**** Information supplied ****

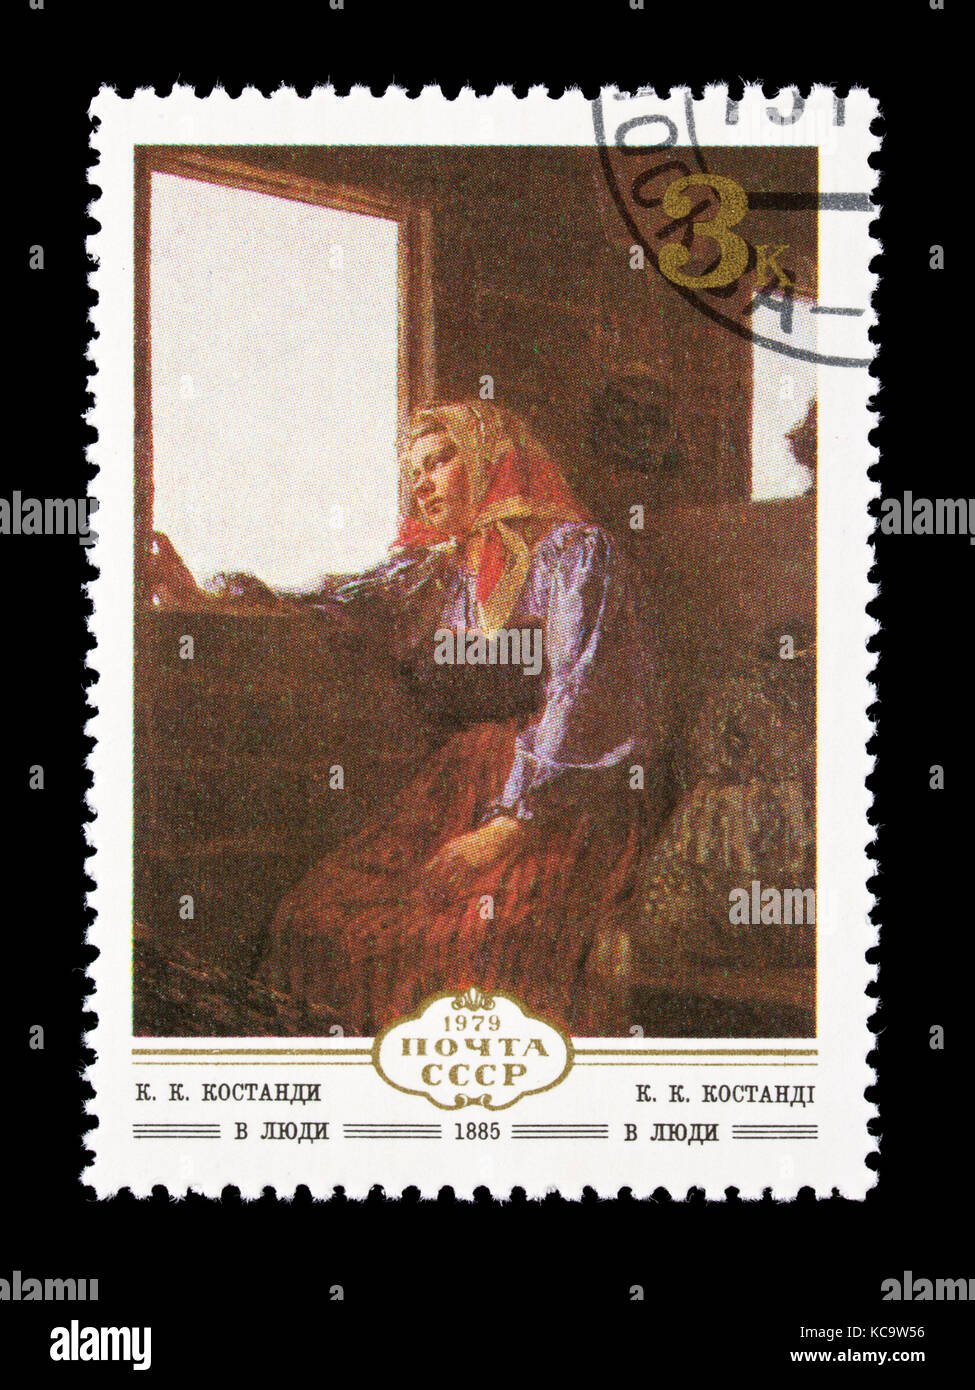 Postage stamp from the Soviet Union depicting the K. K. Kostandi painting Working Girl. Stock Photo
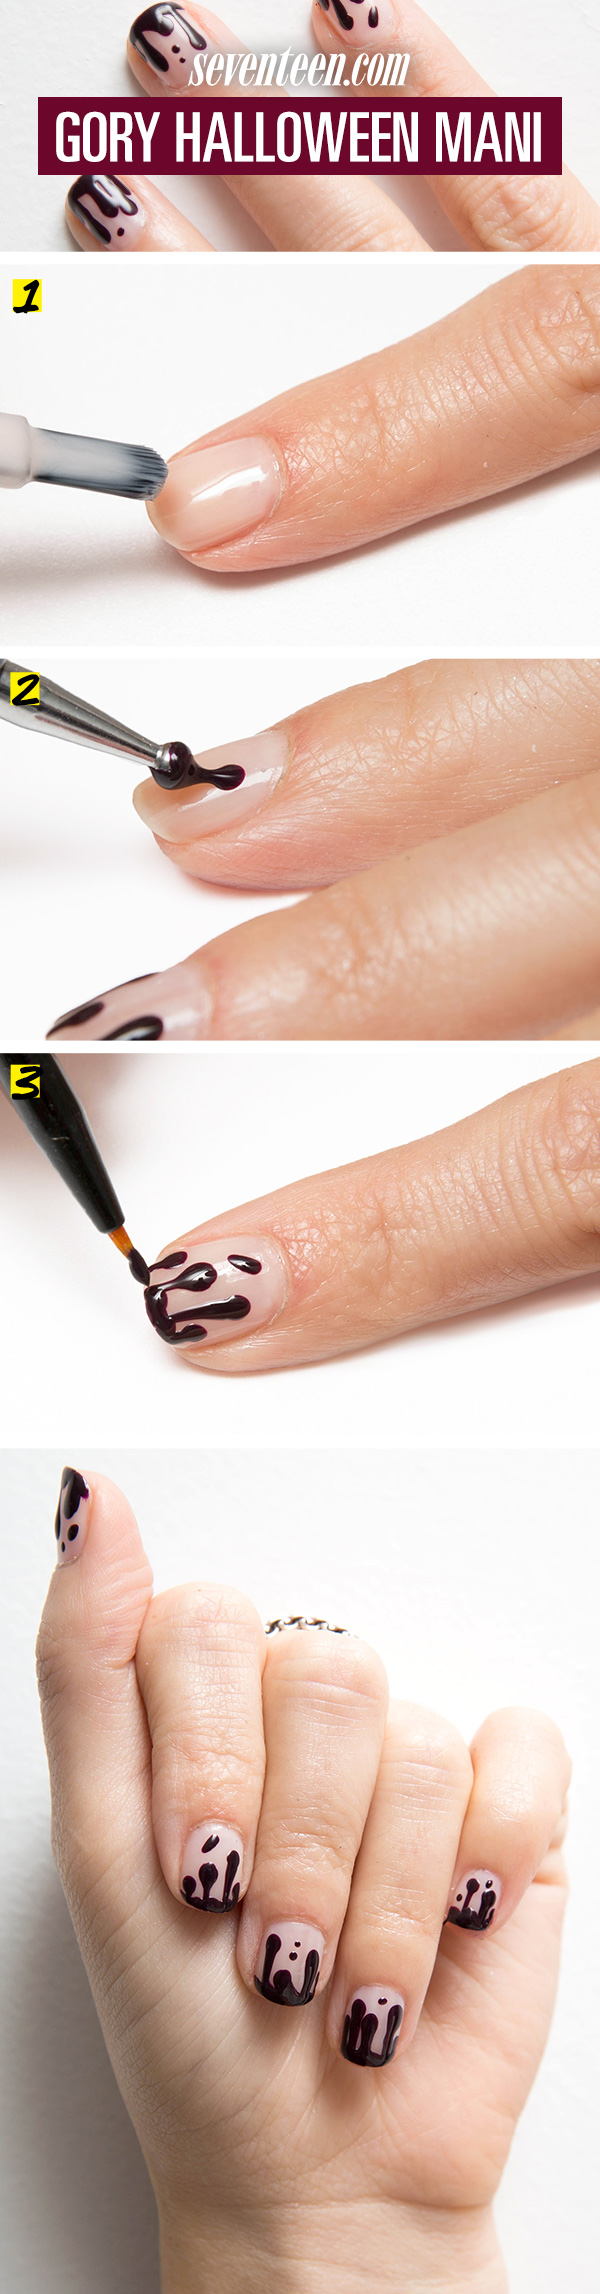 The Best Step by Step Halloween Nail Tutorials You Should Not Miss
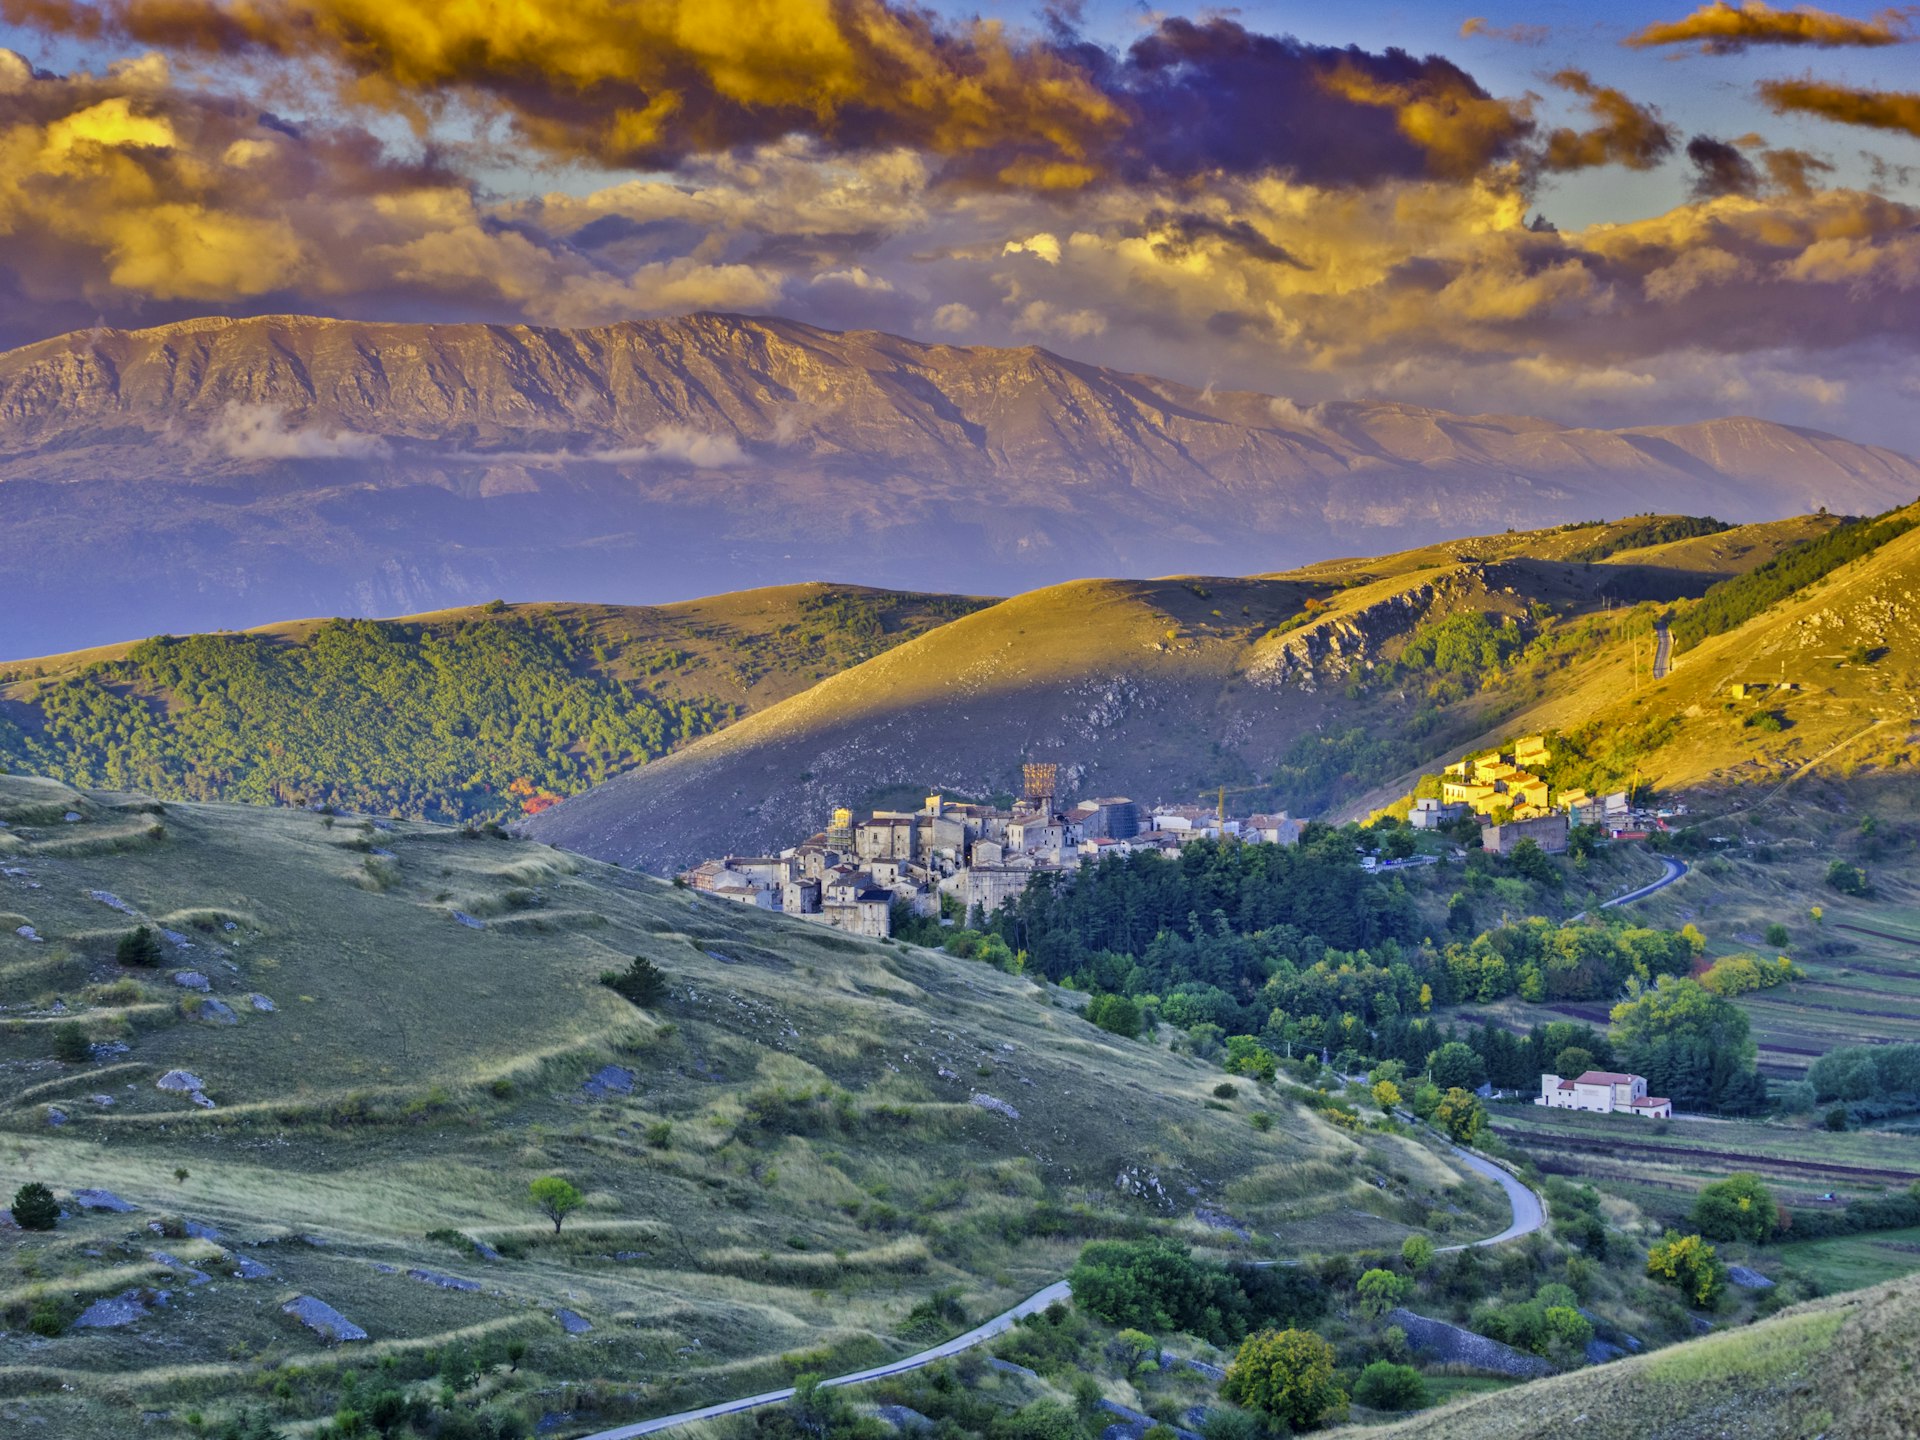 the small town of Santo Stefano di Sessanio is shown perched into a hillside in Abruzzo, Italy. All around the small town are rolling green hills, and, in the background, a set of towering mountains.
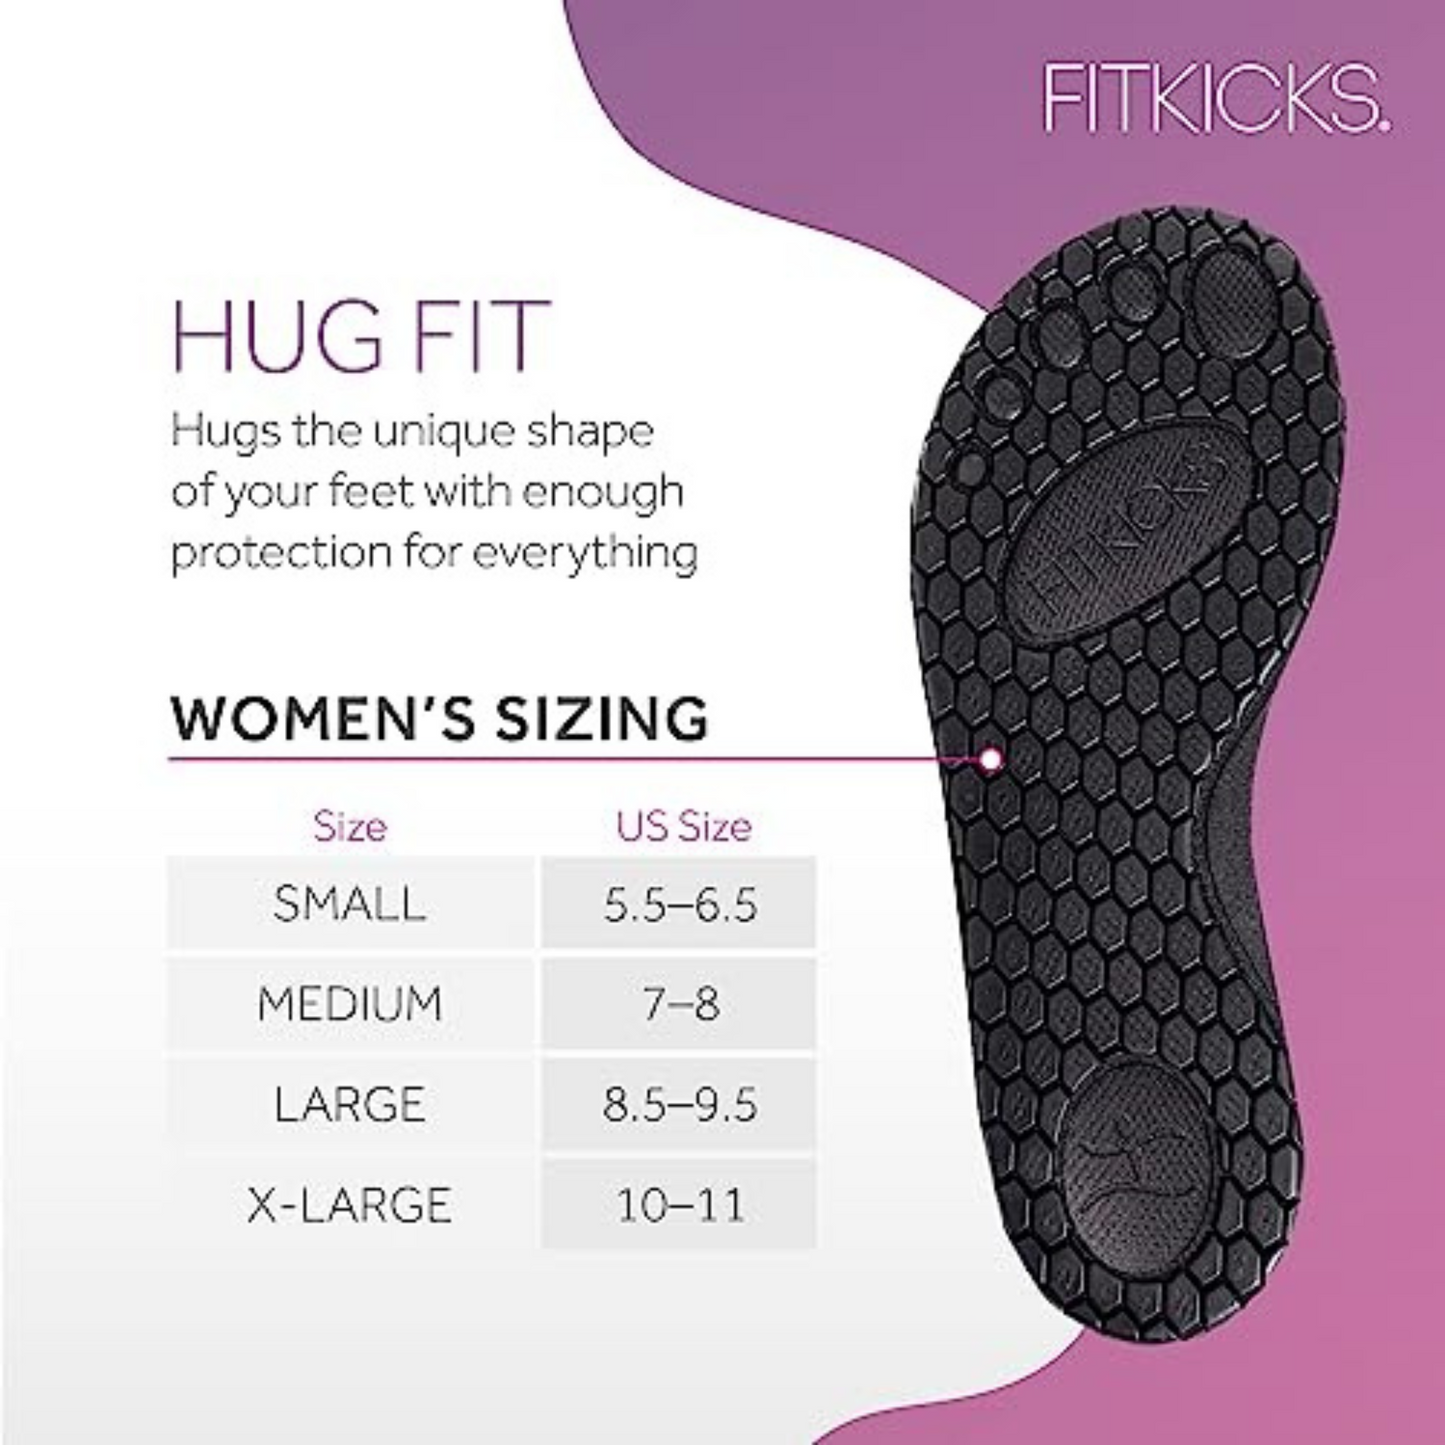 FitKicks active footwear size chart. Small is size 5.5-6.5; Medium is size 7-8; Large is size 8.5-9.5; XL is size 10-11

****

• _Task description_
Transcribe the whole listing exactly but exclude images.

• _Problem solution_
 Postage stamp from the Soviet Union depicting the K. K. Kostandi painting Working Girl. Stock Photo
 The Best Step by Step Halloween Nail Tutorials You Should Not Miss
 the small town of Santo Stefano di Sessanio is shown perched into a hillside in Abruzzo, Italy. All around the small town are rolling green hills, and, in the background, a set of towering mountains.
 FitKicks active footwear size chart. Small is size 5.5-6.5; Medium is size 7-8; Large is size 8.5-9.5; XL is size 10-11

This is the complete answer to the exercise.